Hello!
I am trying for the first time to run SICER for calling broad peaks in my ChIP-seq dataset. Many people suggested me to use this tool rather than MACS2 (with --broad option).
When running SICER, I am calling it with recognicer
command, since it seems to be the correct one for broad peak calling.
However, the default window size is only 200bp and I think it is a bit too short for broad peaks?
I am working on gH2Ax, which is a very broad histone mark. How would you suggest to adjust the window size?
So far, I decided to use 2kb as window size, which is the same value I was trying to use as bin size when running bamCompare/bamCoverage for generating .bigWig files.
Any opinion and suggestion is very appreciated!
Thanks in advance :)
First of all I suggest you use https://github.com/biocore-ntnu/epic2 which is a much more efficient reimplementation of the original SICER peak caller.

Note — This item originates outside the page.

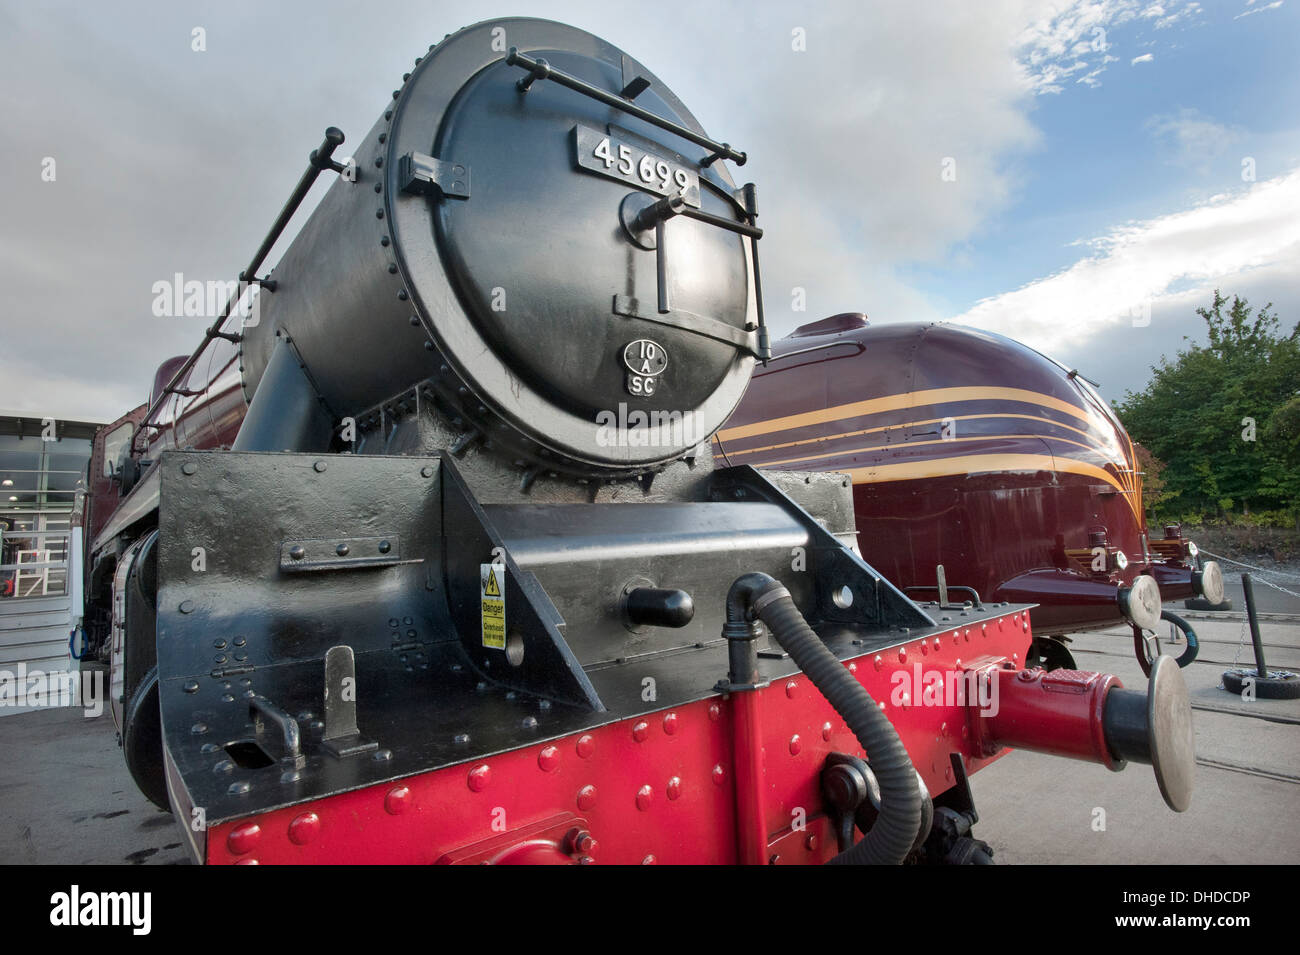 LMS (London Midland) Escocés Julbilee locomotora de vapor clase 45699, 'GALATEA' se sitúa delante de LMS racionalizado "Princess" coronación No.6229 clase 'Duchess de Hamilton' en el National Railway Museum en Shildon desbordamiento de museos, en el Condado de Durham. Foto de stock

I suggest you run with the defaults and then check on a genome browser.
I would not set the binsize for bamCoverage at 2kb, this is far too big. The tool will average all counts within that binsize so you cannot really see something. For a good browser track I would put it to 1bp. This gives the most meaningful representation. Be aware that bamCoverage only visualizes the sequencing data, it does not call any peaks. Feel free to post some screenshots of the browser tracks if you need advise.
Thanks a lot! I will then use epic2 instead.
You are right when you say "Be aware that bamCoverage only visualizes the sequencing data, it does not call any peaks." I am aware of it but I did not mention it in my post. I usually always use bamCompare normalizing the ChIP sample against its input. Unfortunately, in this dataset, the samples show a too large variation in the sequencing depth, which makes me result in large regions with negative values when computing the log2 ratio among the two.
Therefore I thought it was a better idea to proceed with bamCoverage instead.